**EXERCISE INSTRUCTIONS**: Output the full listing exactly as written, with no pictures in it.
STORED DATA Block Start
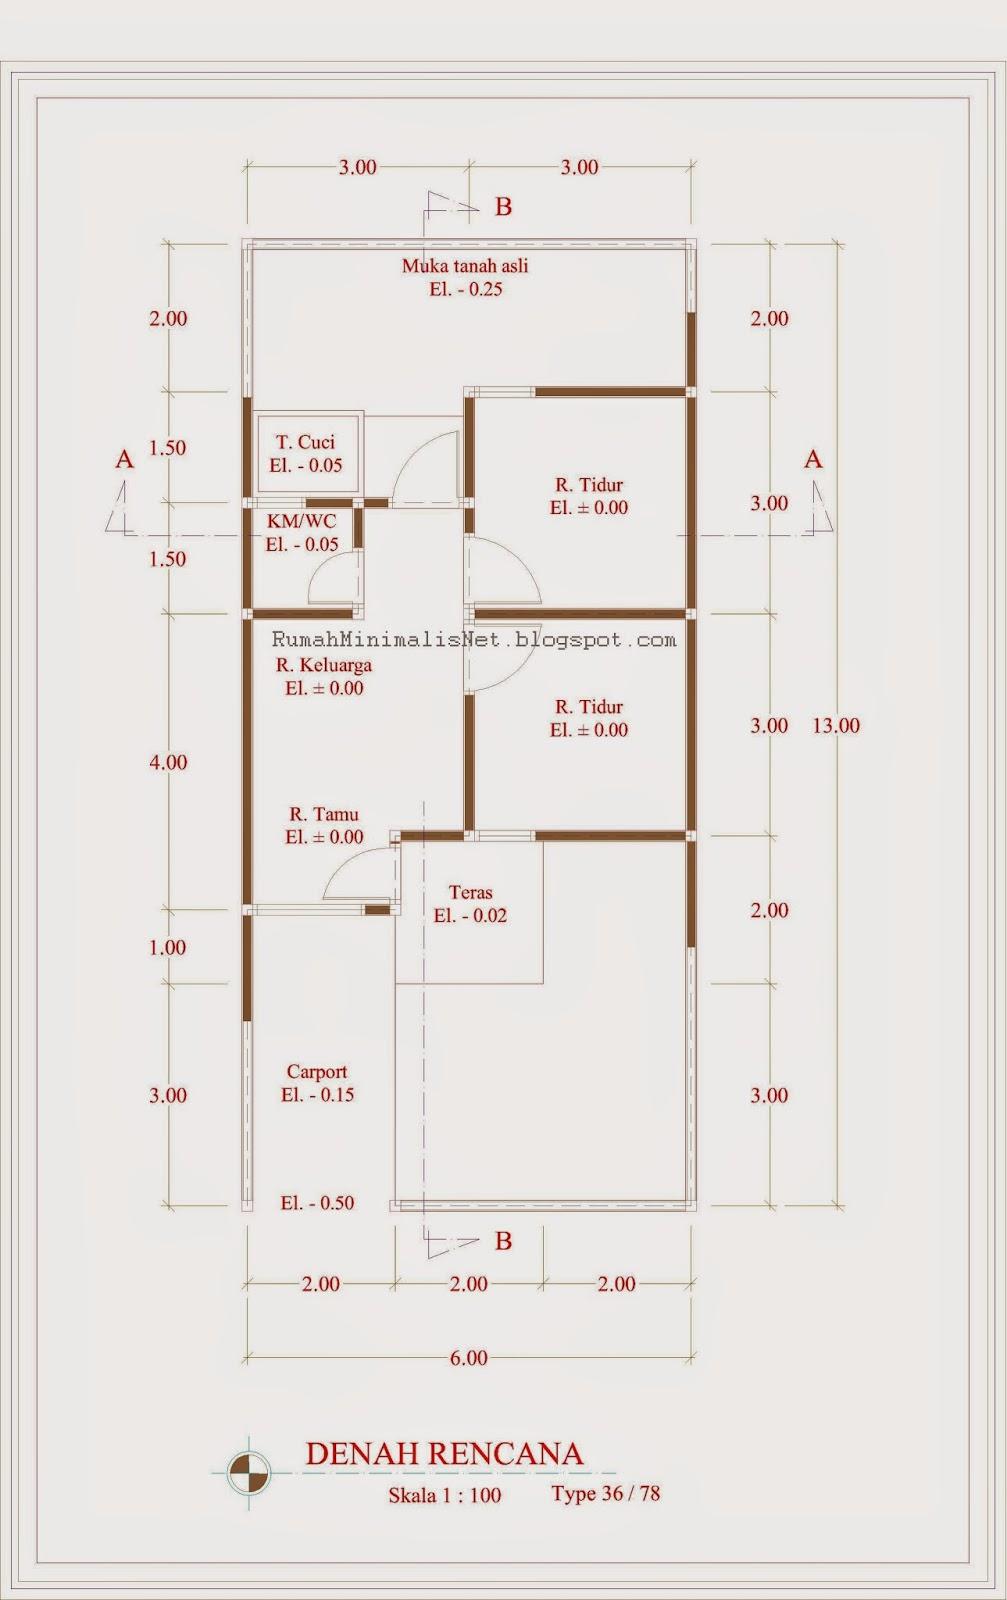 Contoh Denah Rumah Minimalis Type 36 78 Solusi Hunian Mini Elegan
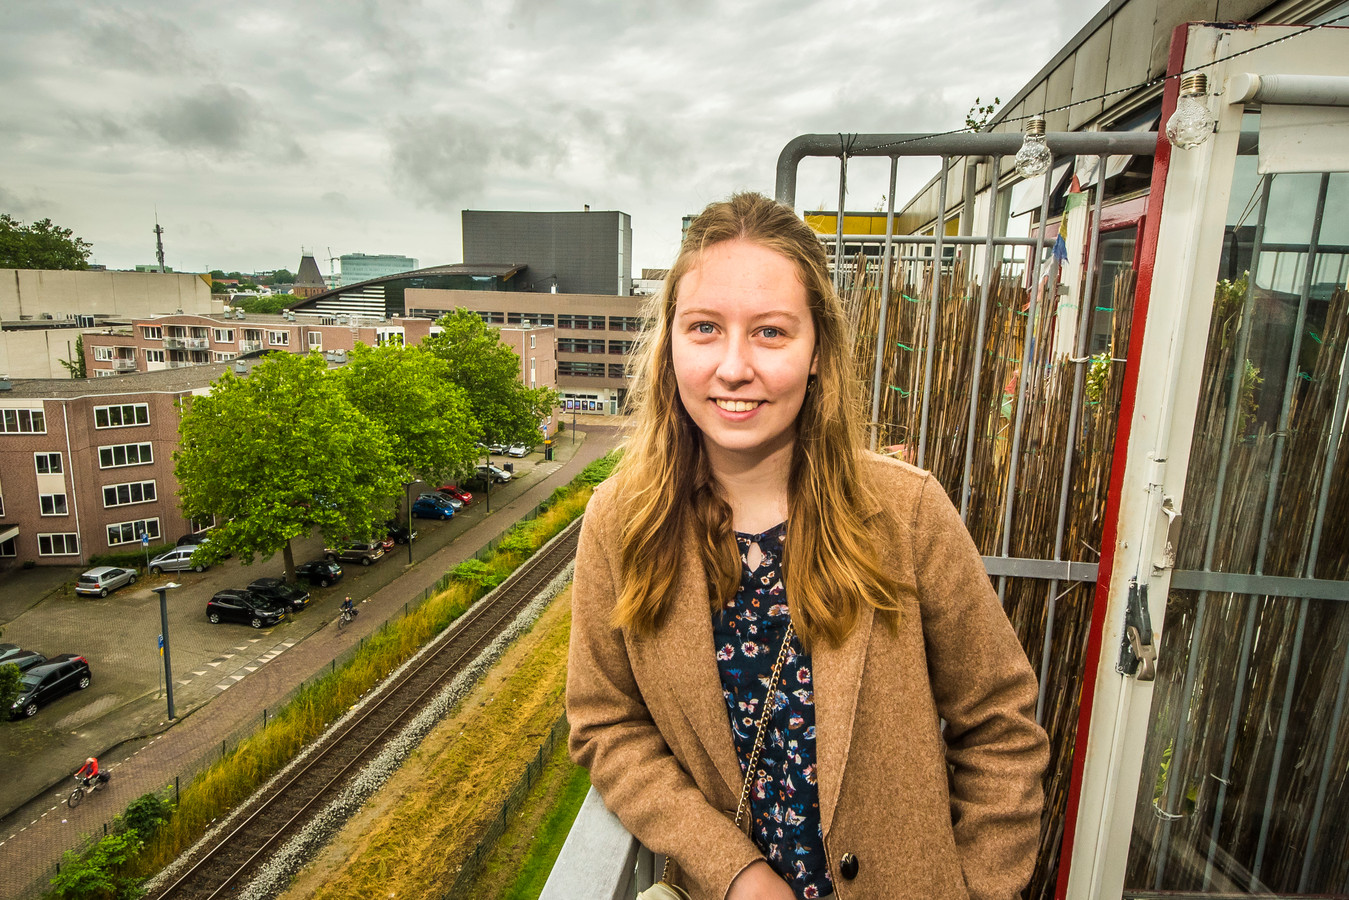 Mariska Veringmeier op het balkon van haar studentenflat.
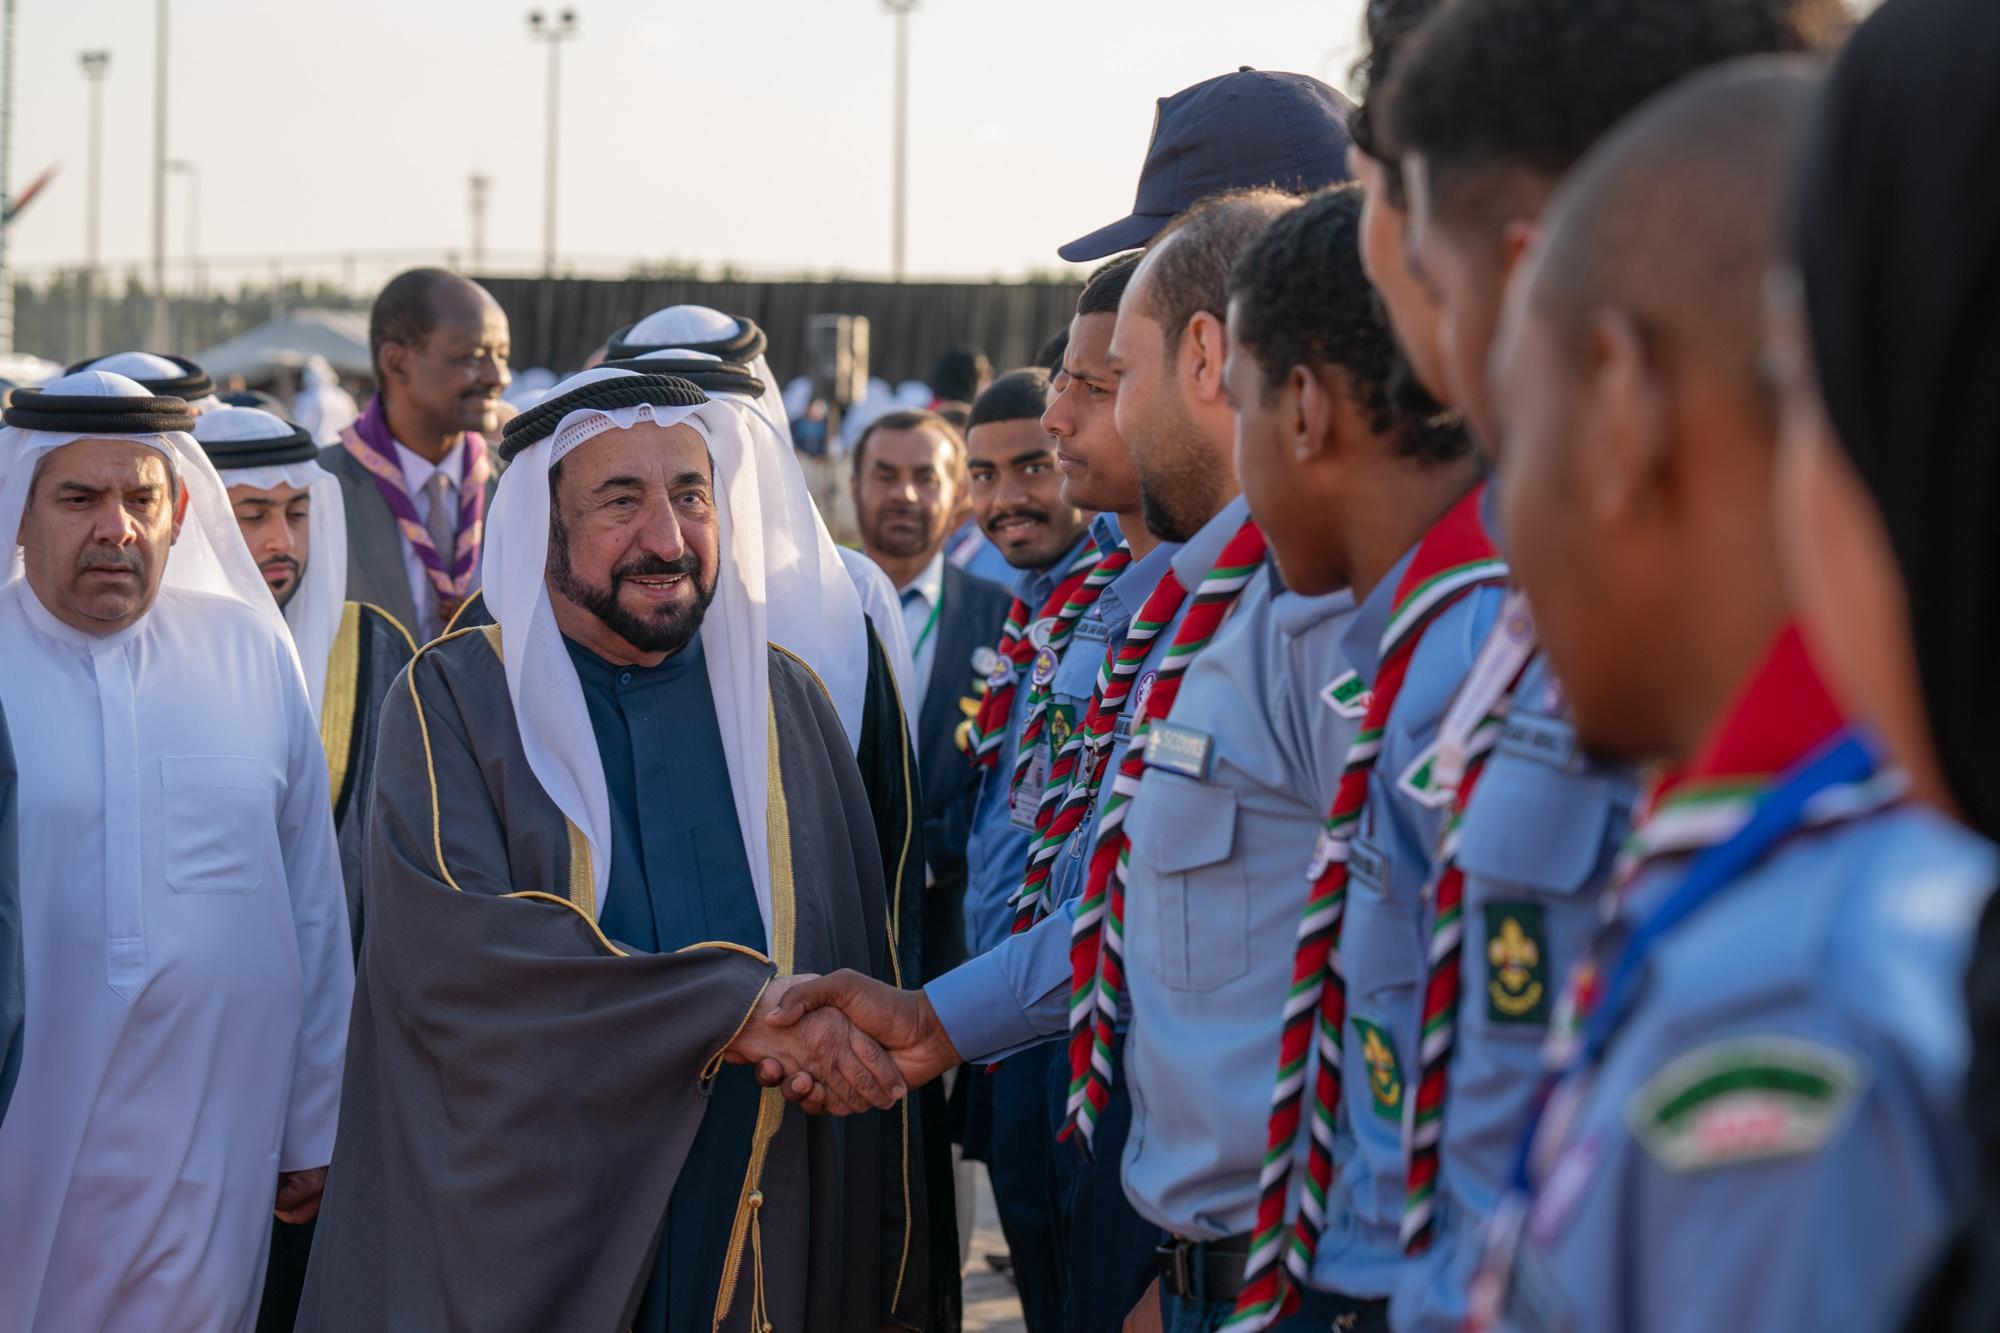 سلطان القاسمي يشهد افتتاح فعاليات اللقاء الكشفي الدولي التاسع في مفوضية كشافة الشارقة
STORED DATA Block End
**REPLY**:
 Contoh Denah Rumah Minimalis Type 36 78 Solusi Hunian Mini Elegan
 Mariska Veringmeier op het balkon van haar studentenflat.
 سلطان القاسمي يشهد افتتاح فعاليات اللقاء الكشفي الدولي التاسع في مفوضية كشافة الشارقة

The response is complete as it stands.